In 1545, in reaction to the Protestant Reformation, which was the movement of those who protested against the teachings of the church in regards to justification, the catholic church convened the Council of Trent. Several times in church history, the catholic church issued a call for bishops to gather together to discuss important theological issues. At the end of the council, they would issue a ruling on the issue at hand. That written ruling would then become the official position of the church on that particular issue. In 1563, the Council of Trent issued their final ruling on the matter of justification, and it still remains the official teaching of the Catholic Church. While it is nigh unto impossible to speak of the official position of the Protestant church since there are hundreds of independent denominations, it is possible to speak of the official position of the Catholic Church because of their centralized unity under the authority of the pope. But by and large, we are able to compare the catholic understanding of justification and the protestant understanding of justification.

And again, I am not doing this to try to criticize the catholic church. My plate is full just keeping Todd in line. I am not ready to take on the catholic church. I am only trying to understand what it means to be justified by faith, to receive a righteousness from God by faith.

The reformer’s understanding of justification, and by reformers we are talking primarily of Martin Luther and John Calvin, was that a righteous person was one who was declared to be free of guilt from a judge. The Sovereign Judge of the Universe imputed, or credited, sinful humans with the righteousness of Christ. This word “imputed” was a very significant word for the reformers. It means to credit, like one would credit my empty bank account with the riches of their bank account. God credited to my account, and account which was empty, He credited to my account the righteousness of Christ. “God made Him who knew no sin to be sin for us so that in Him we might become the righteousness of God” (2 Corinthians 5.21). Through the work of Christ, the righteous requirements of the law are fully met in us (Romans 8.4). Millard Erikson put it very clear in his book, Christian Theology, when he wrote,

In the New Testament, justification is the declarative act of God by which on the basis of the sufficiency of Christ’s atoning death, he pronounces believers to have fulfilled all of the requirements of the law which pertain to them. Justification is a forensic act[3] imputing the righteousness of Christ to the believer; it is not an actual infusing of holiness into the individual. It is a matter of declaring the person righteous, as a judge does in acquitting the accused. It is not a matter of making the person righteous or altering his or her actual spiritual condition. (Erickson, 956).

I do hope you will bear with me this morning, because I am going to try to read some quotes to you this morning and try to explain them.

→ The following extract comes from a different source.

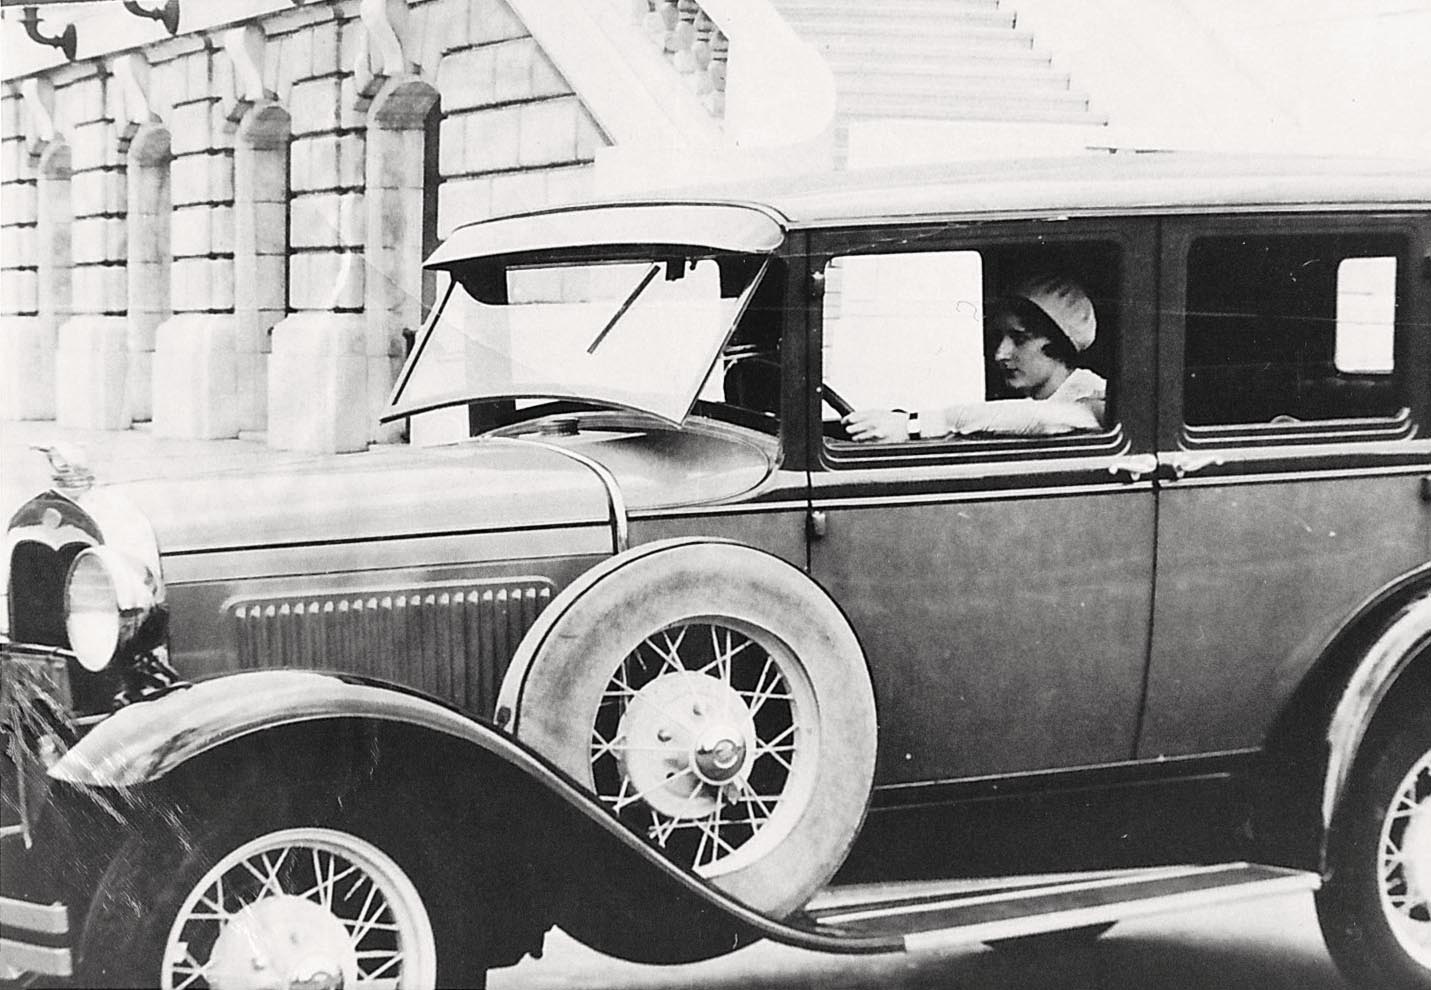 Audrey Weber worked as a commercial artist for Henry Ford and occasionally she modeled in new cars. Circa 1930s.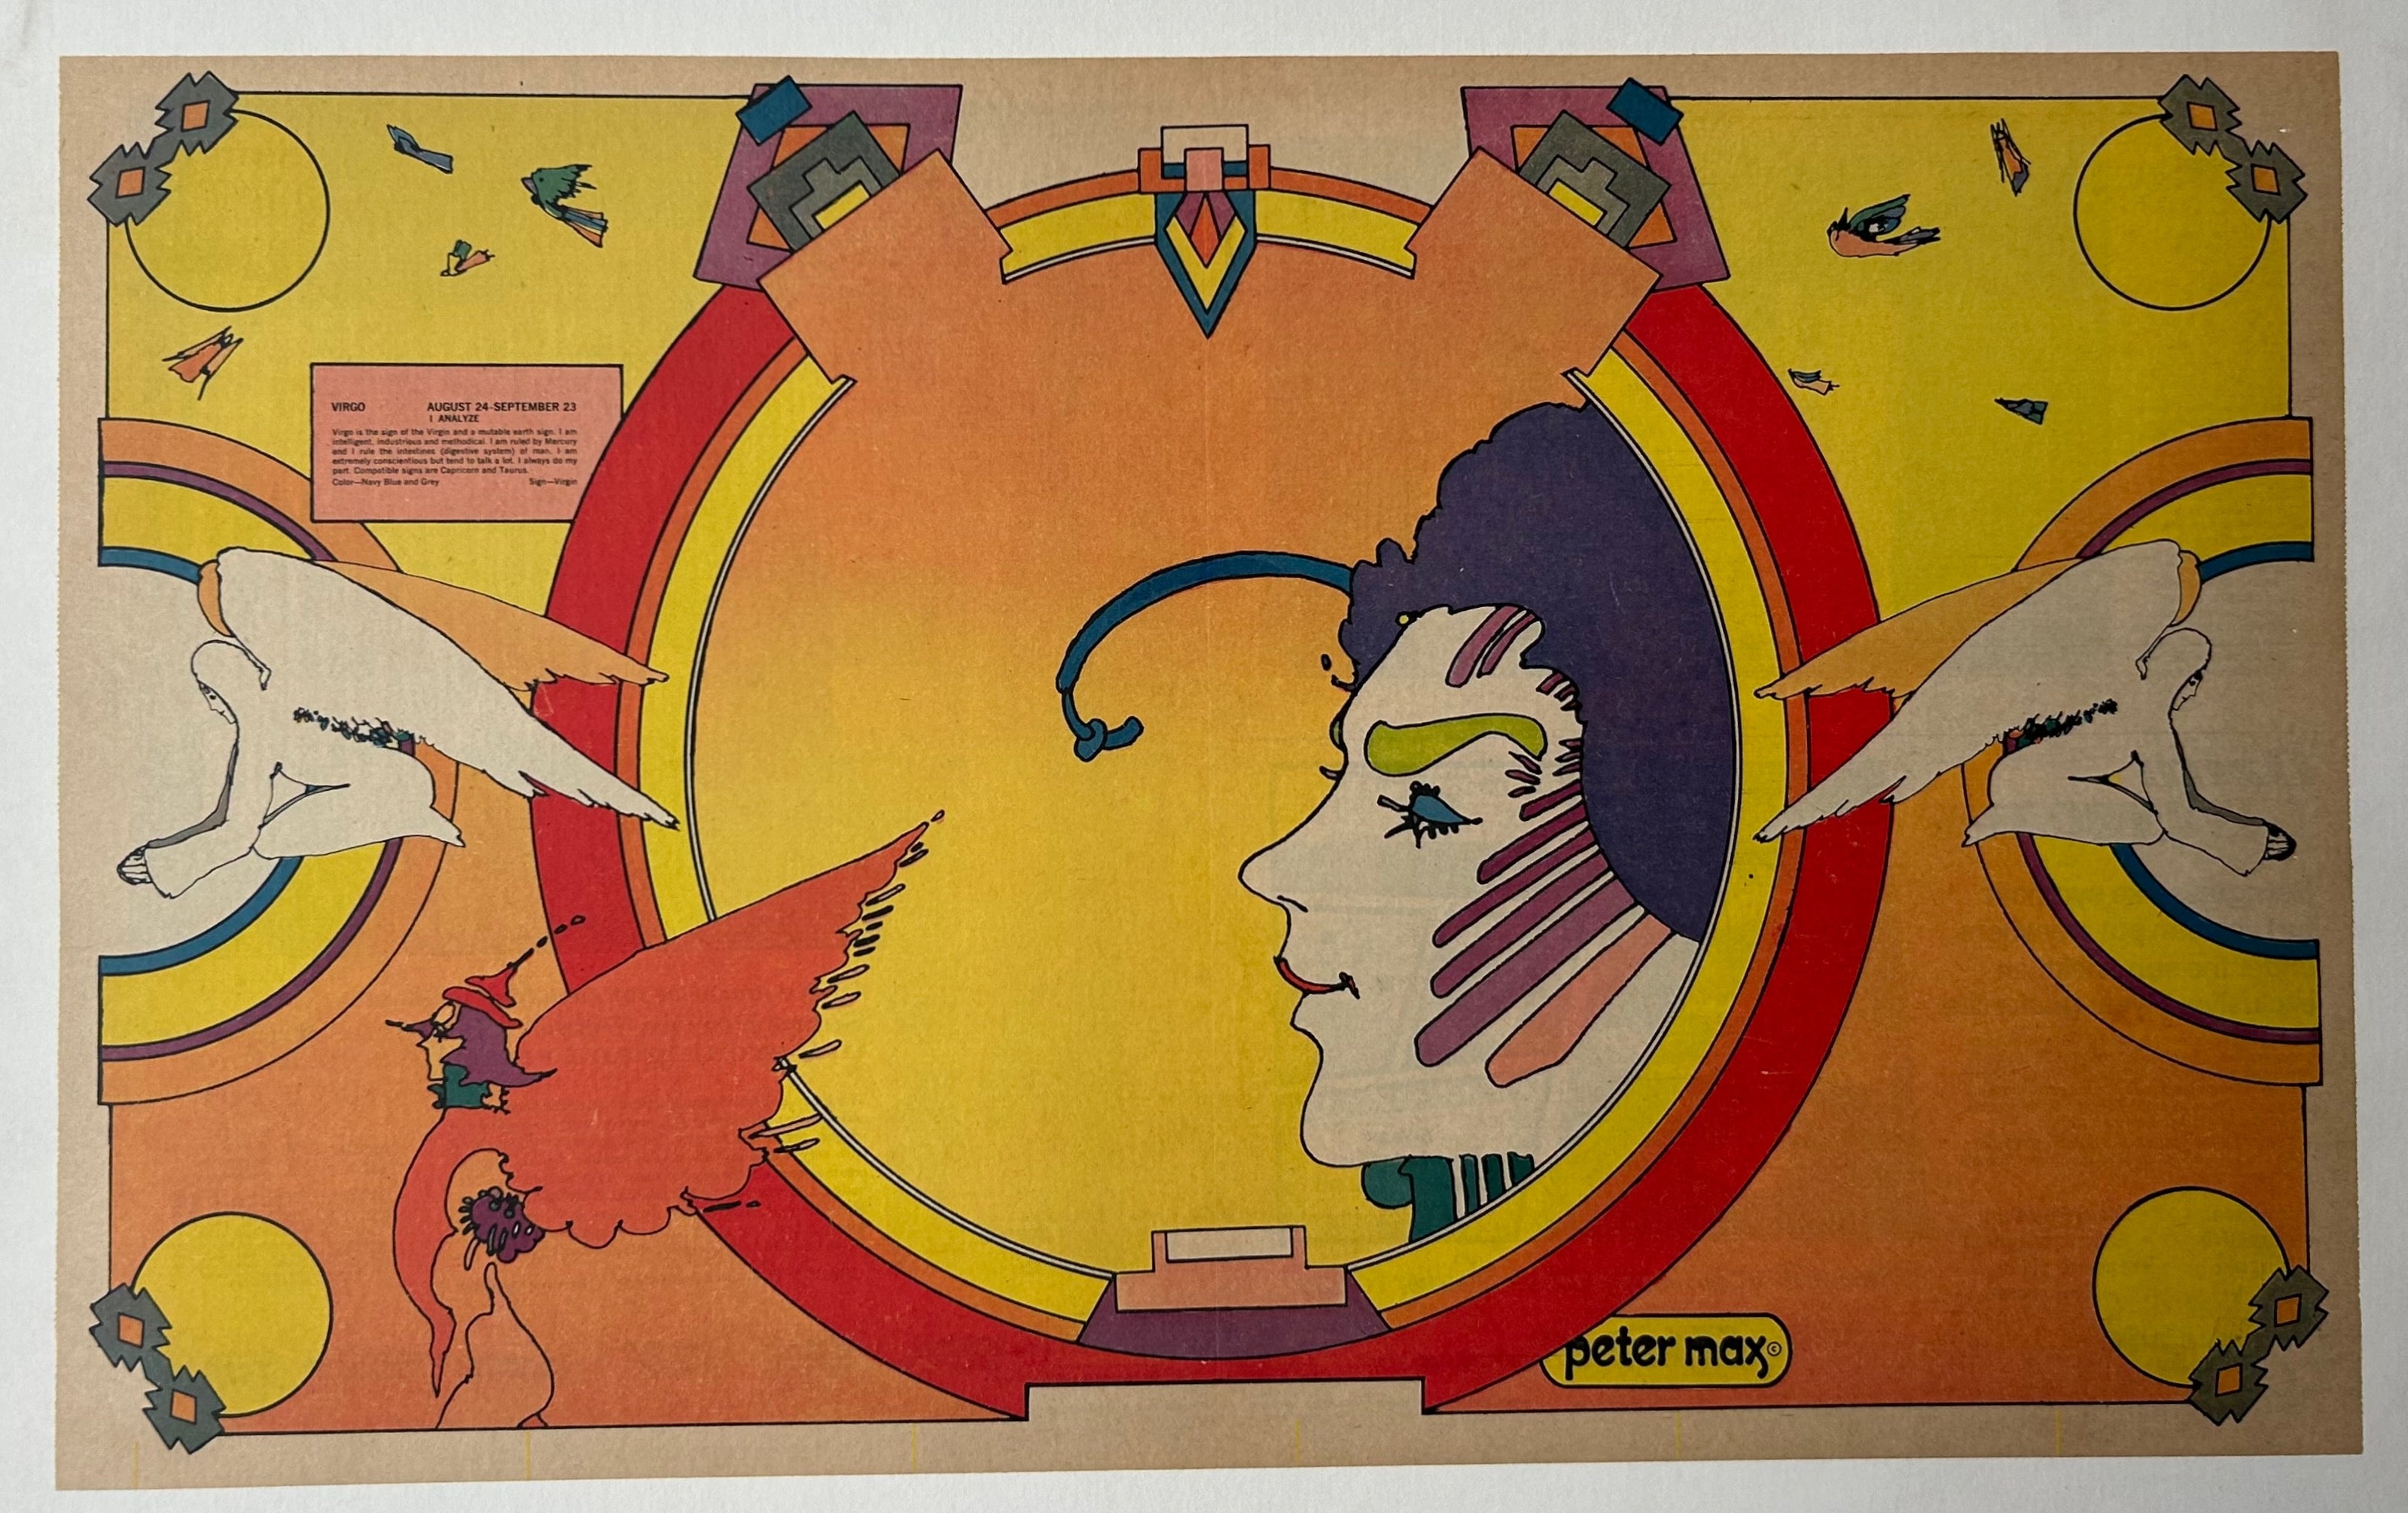 13.5x21.5 zodiac color lithograph by peter max; virgo featuring unique stylized illustration and sign description

So, in other words, in the reformer’s understanding, we are declared righteous by God because in His favor, He imputes[4] or credits the righteousness of Christ to us. The penalty of sin has been paid so the righteous requirements of the law have been met in us. But we are still the same sinful persons.

But when the Council of Trent issued their final opinion on the matter, they clearly rejected this idea that God credits righteousness to our account through faith. Let me read a few quotes from the Council of Trent and try to explain them to you.

If any one saith, that by faith alone the impious is justified; in such wise as to mean, that nothing else is required to co-operate in order to the obtaining the grace of Justification, and that it is not in any way necessary, that he be prepared and disposed by the movement of his own will; let him be anathema.[5] (Canon 9)

If any one saith, that the justice received is not preserved and also increased before God through good works; but that the said works are merely the fruits and signs of Justification obtained, but not a cause of the increase thereof; let him be anathema. (Canon 24)

If you are like me, I have a hard time understanding what all these words mean. The Council of Trent was not stating anything new. In fact, the catholic church had always been opposed to the idea that faith alone suffices for justification, and that consequently the observance of the moral law is not necessary either as a prerequisite for obtaining justification or as a means for preserving it.[6]

In trying to make this make sense to me, I had to break it down into a blue collar gospel. The issue of justification boils down to several key questions:

  1. Is justification an event or a process? Does it happen at one moment or is it a process that takes time?
  2. Is justification the same thing as sanctification or are they two separate realities?
  3. Does God declare me righteous or enable me to become righteous? Is my righteousness just a label or is it real?
  4. Can I ever be confident that God sees me as righteous?

The position of the catholic church, and again I am not here to critique them but to gain understanding, is that justification and sanctification are the same process. When we are justified, God gives us sanctifying grace to enable us to become righteous. Or to put it in simple terms, God gives us sanctifying grace to enable us to obey God’s commands and do what God wants us to do so that we actually become righteous and pleasing to God. And when we actually become righteous and pleasing to God, then we are declared righteous by God.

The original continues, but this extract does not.